@whisper-cpp-node/core
v0.1.2
Published
Node.js bindings for whisper.cpp - fast speech-to-text on Apple Silicon
Maintainers
Readme
@whisper-cpp-node/core
Node.js bindings for whisper.cpp - fast speech-to-text on Apple Silicon with Core ML and Metal support.
Features
- Fast: Native whisper.cpp performance with Metal GPU acceleration
- Core ML: Optional Apple Neural Engine support for 3x+ speedup
- Streaming VAD: Built-in Silero voice activity detection
- TypeScript: Full type definitions included
- Self-contained: No external dependencies, just install and use
Requirements
- macOS 13.3+ (Ventura or later)
- Apple Silicon (M1/M2/M3/M4)
- Node.js 18+
Installation
npm install @whisper-cpp-node/core
# or
pnpm add @whisper-cpp-node/coreThe platform-specific binary (@whisper-cpp-node/darwin-arm64) is automatically installed.
Quick Start
File-based transcription
import {
createWhisperContext,
transcribeAsync,
} from "@whisper-cpp-node/core";
// Create a context with your model
const ctx = createWhisperContext({
model: "./models/ggml-base.en.bin",
use_gpu: true,
});
// Transcribe audio file
const result = await transcribeAsync(ctx, {
fname_inp: "./audio.wav",
language: "en",
});
// Result: { segments: [["00:00:00,000", "00:00:02,500", " Hello world"], ...] }
for (const [start, end, text] of result.segments) {
console.log(`[${start} --> ${end}]${text}`);
}
// Clean up
ctx.free();Buffer-based transcription
import {
createWhisperContext,
transcribeAsync,
} from "@whisper-cpp-node/core";
const ctx = createWhisperContext({
model: "./models/ggml-base.en.bin",
use_gpu: true,
});
// Pass raw PCM audio (16kHz, mono, float32)
const pcmData = new Float32Array(/* your audio samples */);
const result = await transcribeAsync(ctx, {
pcmf32: pcmData,
language: "en",
});
for (const [start, end, text] of result.segments) {
console.log(`[${start} --> ${end}]${text}`);
}
ctx.free();API
createWhisperContext(options)
Create a persistent context for transcription.

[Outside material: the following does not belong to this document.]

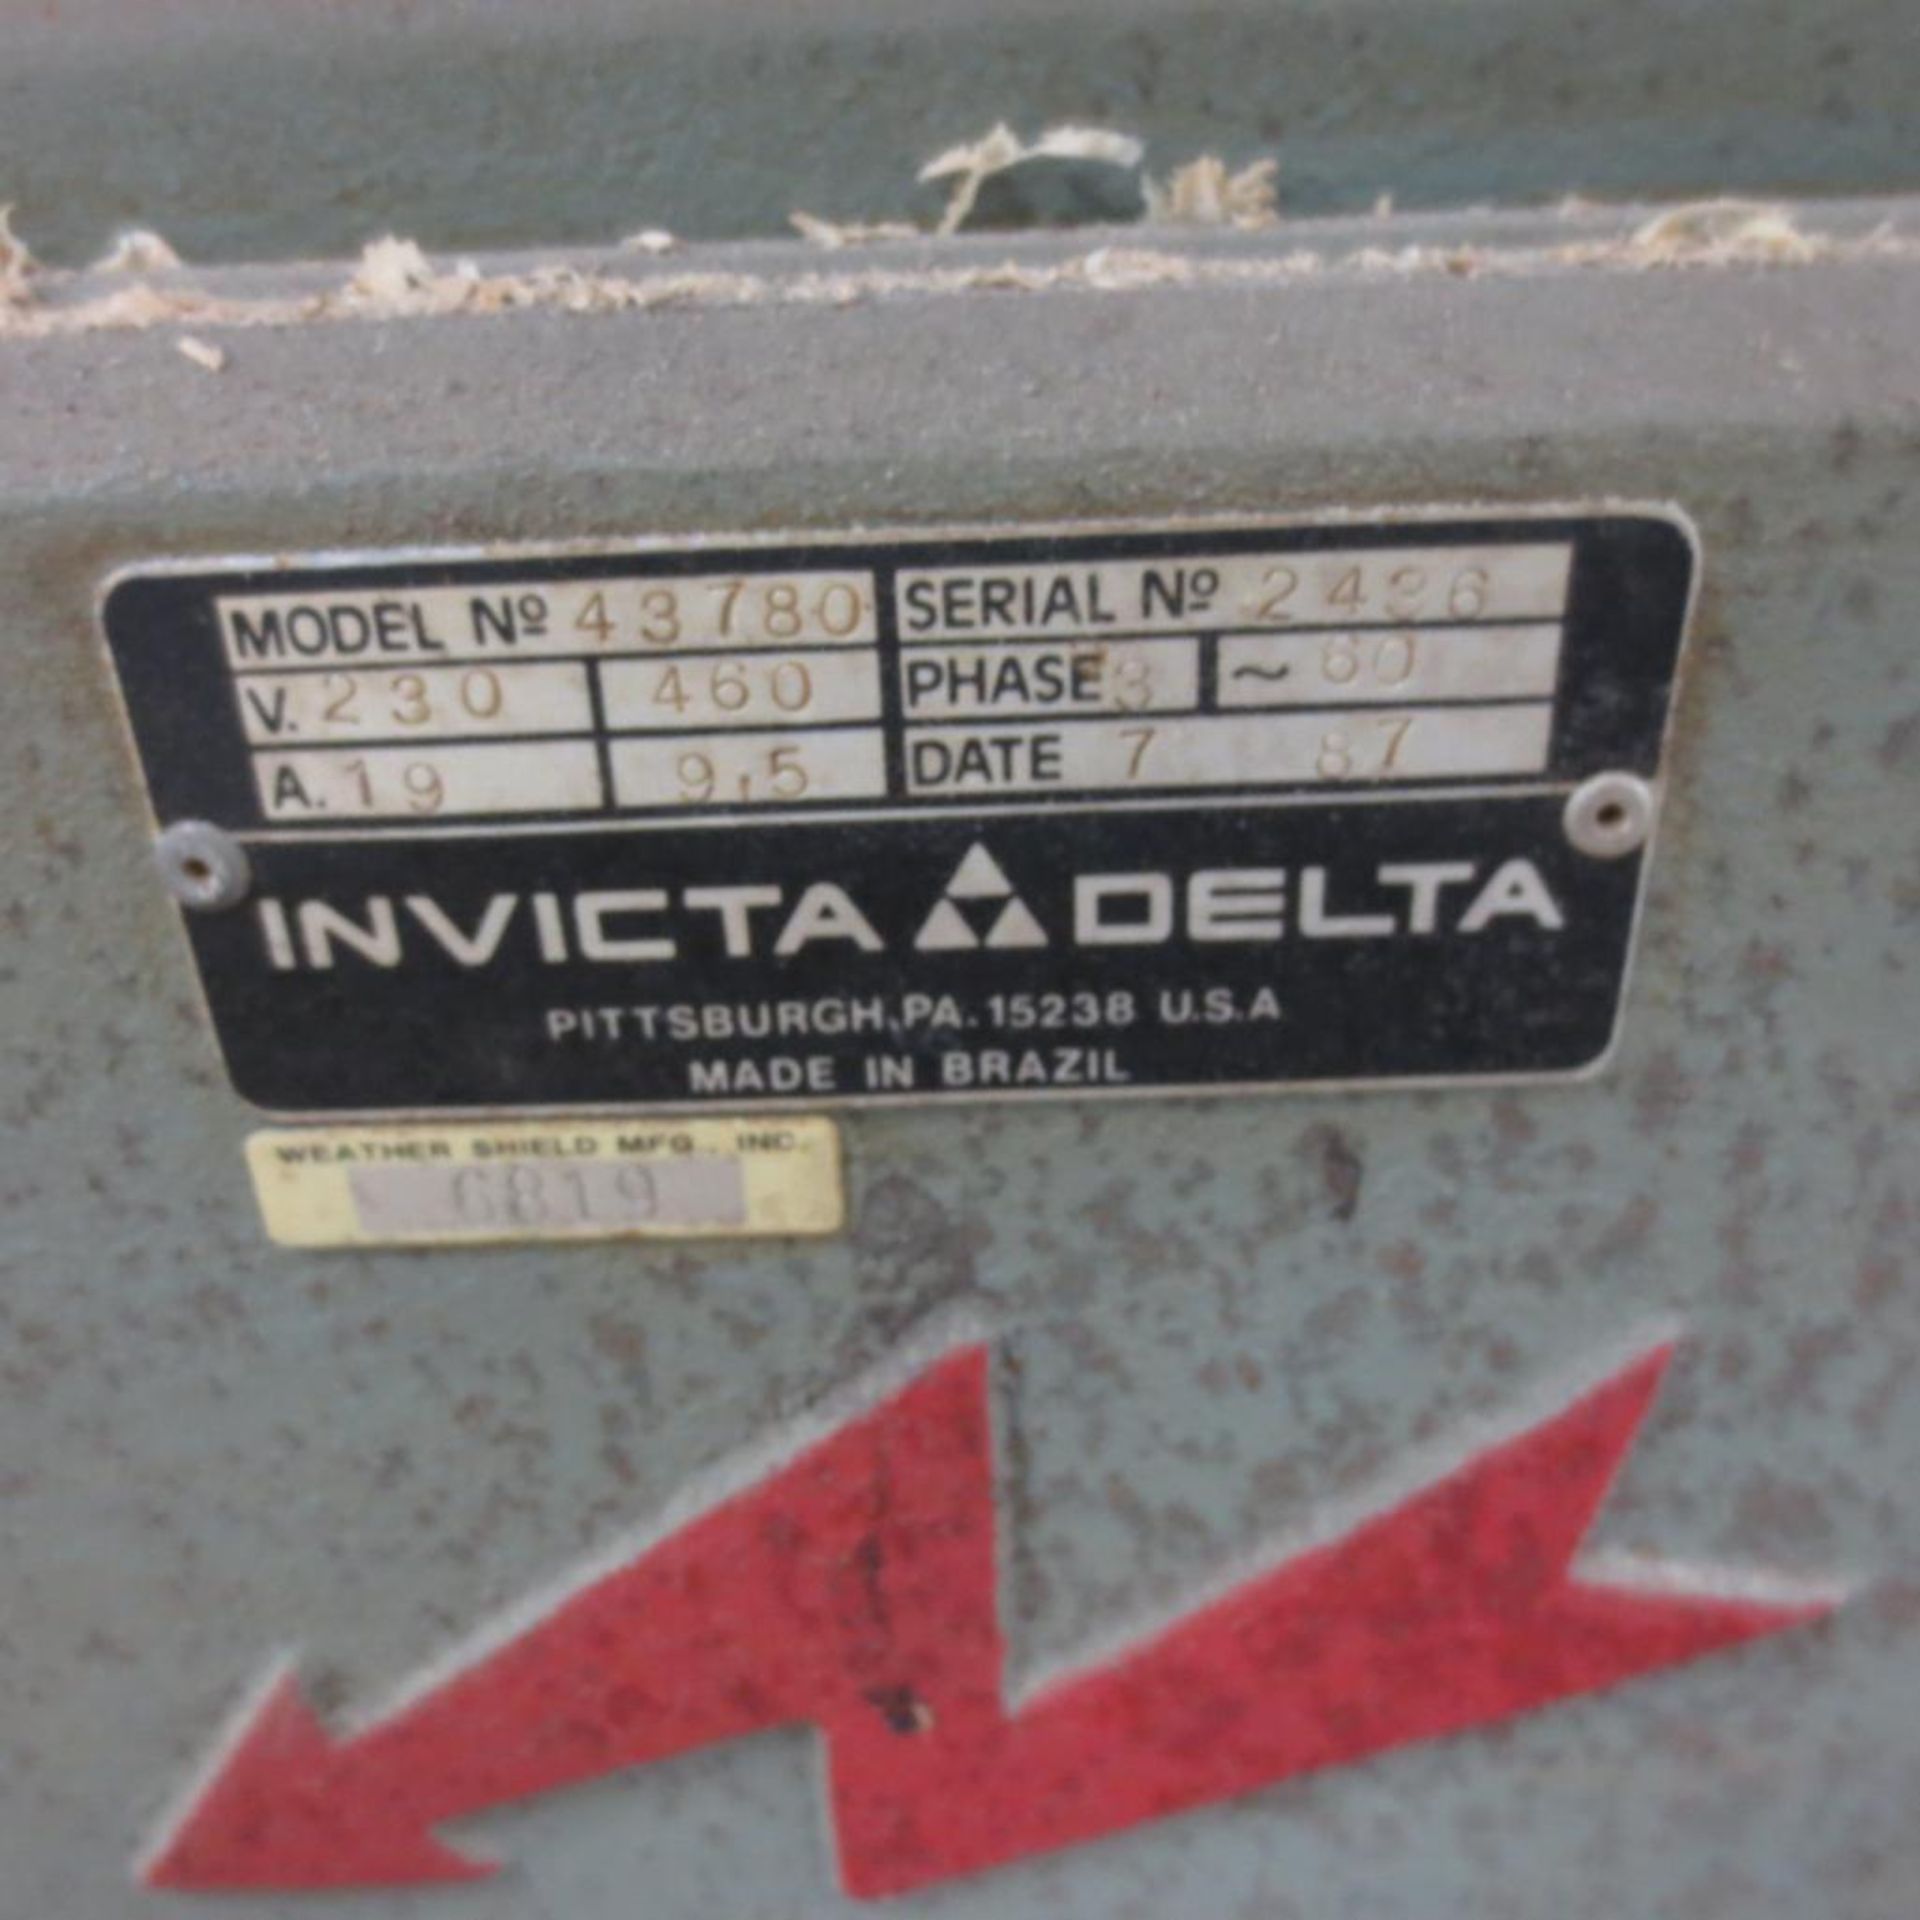 Invicta Delta RS 15 Model 43780 Single Spindle Shaper S/N: 2436 W/ Stegherr Model BV Table-Mounted F - Image 3 of 6

interface WhisperContextOptions {
model: string; // Path to GGML model file (required)
use_gpu?: boolean; // Enable GPU acceleration (default: true)
use_coreml?: boolean; // Enable Core ML on macOS (default: false)
flash_attn?: boolean; // Enable Flash Attention (default: false)
gpu_device?: number; // GPU device index (default: 0)
dtw?: string; // DTW preset for word timestamps
no_prints?: boolean; // Suppress log output (default: false)
}transcribeAsync(context, options)
Transcribe audio (Promise-based). Accepts either a file path or PCM buffer.
// File input
interface TranscribeOptionsFile {
fname_inp: string; // Path to audio file
// ... common options
}
// Buffer input
interface TranscribeOptionsBuffer {
pcmf32: Float32Array; // Raw PCM (16kHz, mono, float32, -1.0 to 1.0)
// ... common options
}
// Common options (partial list - see types.ts for full options)
interface TranscribeOptionsBase {
// Language
language?: string; // Language code ('en', 'zh', 'auto')
translate?: boolean; // Translate to English
detect_language?: boolean; // Auto-detect language
// Threading
n_threads?: number; // CPU threads (default: 4)
n_processors?: number; // Parallel processors
// Audio processing
offset_ms?: number; // Start offset in ms
duration_ms?: number; // Duration to process (0 = all)
// Output control
no_timestamps?: boolean; // Disable timestamps
max_len?: number; // Max segment length (chars)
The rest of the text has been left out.